# Woman, 83, is shot by police after calling 9-1-1 to report a burglary



## Bill Mattocks (Sep 26, 2012)

I feel sorry for her family.  But to be very blunt, she messed up.  There are lessons here, though, for all gun owners or for those who want to be gun owners.

http://www.whptv.com/news/local/sto...-calling-9-1-1-to/e2b1kAsGUkSsmonZ-tQv_w.cspx



> Woman, 83, is shot by police after calling 9-1-1 to report a burglary
> 
> By Michael Walsh / NEW YORK DAILY NEWS
> 
> ...



http://www.digitaljournal.com/article/333608



> Elderly woman shot by police as she looks for burglar
> ...
> The Virginia State Police stated the Altavista officers took cover upon hearing the gun shots and then saw Towlers leave the back of the house. The officers approached Towlers and ordered her to drop the weapon several times. She refused their commands and pointed the gun at officers. One of the officers then fired his weapon, striking Towlers.
> KSEE reports that the elderly woman was not wearing her glassed or hearing aid at the time and may not have heard or recognized the officers.



Lessons:

1) No warning shots.  Not now, not ever.  If you have a legal reason to fire a weapon at a person, fire it AT THAT PERSON.  You never fire at what you cannot see, you never fire a 'warning' shot (or shots, as in this case).

2) You do not go out to hunt for the burglar.

3) If you cannot see or hear, you should be doubly careful about whom you point your gun at.

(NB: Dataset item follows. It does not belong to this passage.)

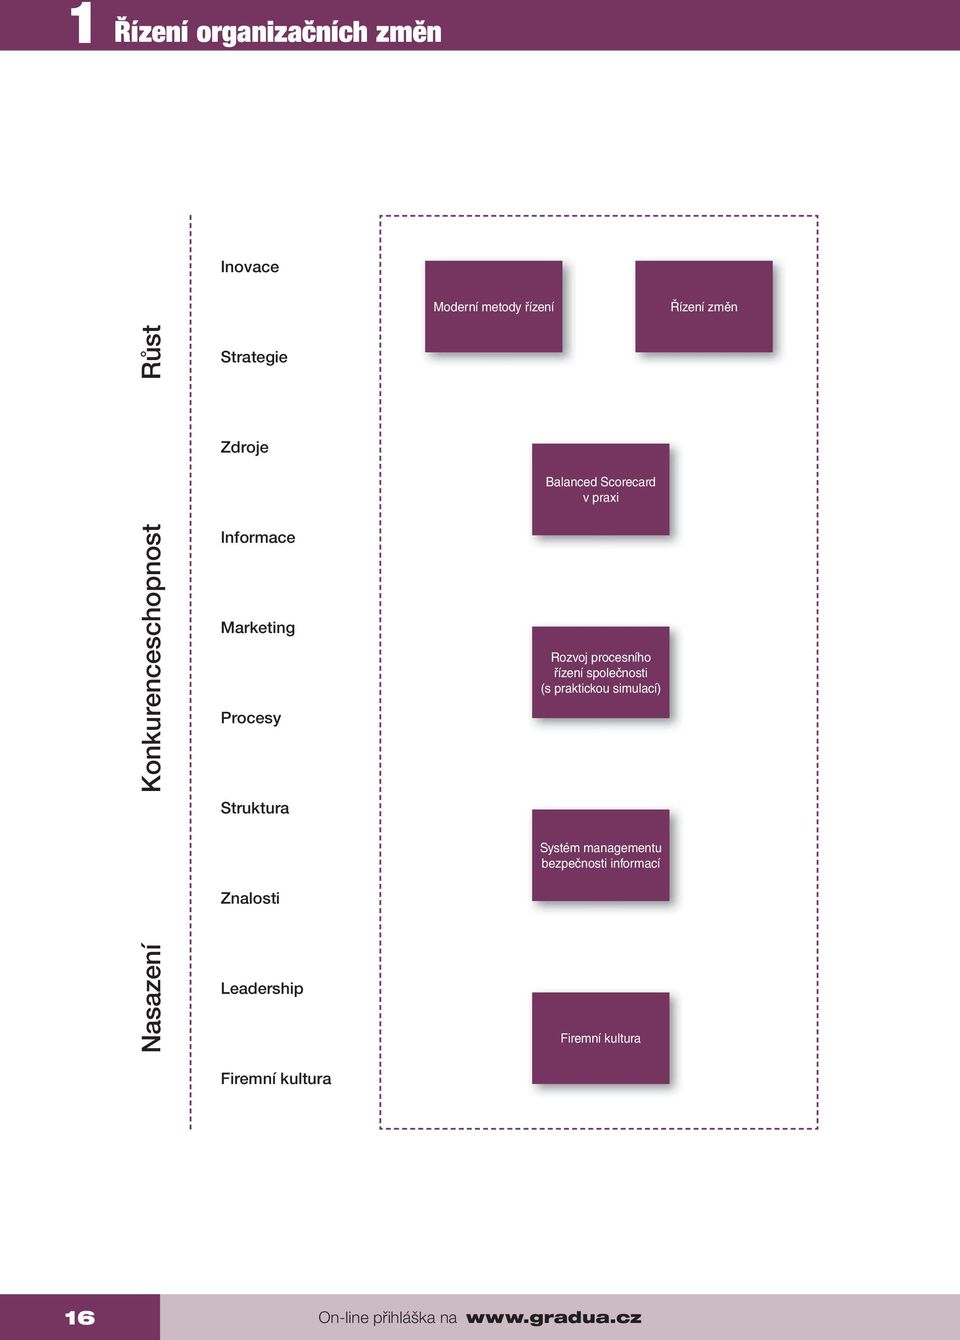 Leadership Firemní kultura Balanced Scorecard v praxi Rozvoj procesního řízení společnosti (s

I feel very badly for this woman's family.  I hope that through her mistakes, others can learn valuable lessons.


----------



## kgoffin (Sep 26, 2012)

Quoting this for emphasis.



> 1) No warning shots.  Not now, not ever.  If you have a legal reason to  fire a weapon at a person, fire it AT THAT PERSON.  You never fire at  what you cannot see, you never fire a 'warning' shot (or shots, as in  this case).
> 
> 2) You do not go out to hunt for the burglar.
> 
> 3) If you cannot see or hear, you should be doubly careful about whom you point your gun at.



Very much a tragedy for all involved.


----------



## seasoned (Sep 26, 2012)

Nice find, Bill, and well worth the read. People for the most part don't have a clue, and the ones that do just have some gun handling skills taught to them.
Not being taught what to do when encountering LE is a down right shame.


----------



## Sukerkin (Sep 26, 2012)

*KSEE reports that the elderly woman was not wearing her glasses or hearing aid at the time and may not have heard or recognized the officers.*

What a tragedy .  Altho' it is tempting to blame the officers for their actions (it was a very old woman after all) I can only imagine how the fellow who killed her must feel.


----------



## Gentle Fist (Sep 26, 2012)

Yikes...   Once saw a bumper sticker :  No Warning Shots Authorized


----------



## arnisador (Sep 26, 2012)

Sad...but I agree, preventable with common sense. (Age may be the reason in her case.) Don't leave the house to hunt for them--call 911 and let many cops with guns and experience and organization and communications and backup do it.


----------



## punisher73 (Sep 27, 2012)

Another thing is to describe yourself to dispatch and that you are armed so the police have an idea when they show up.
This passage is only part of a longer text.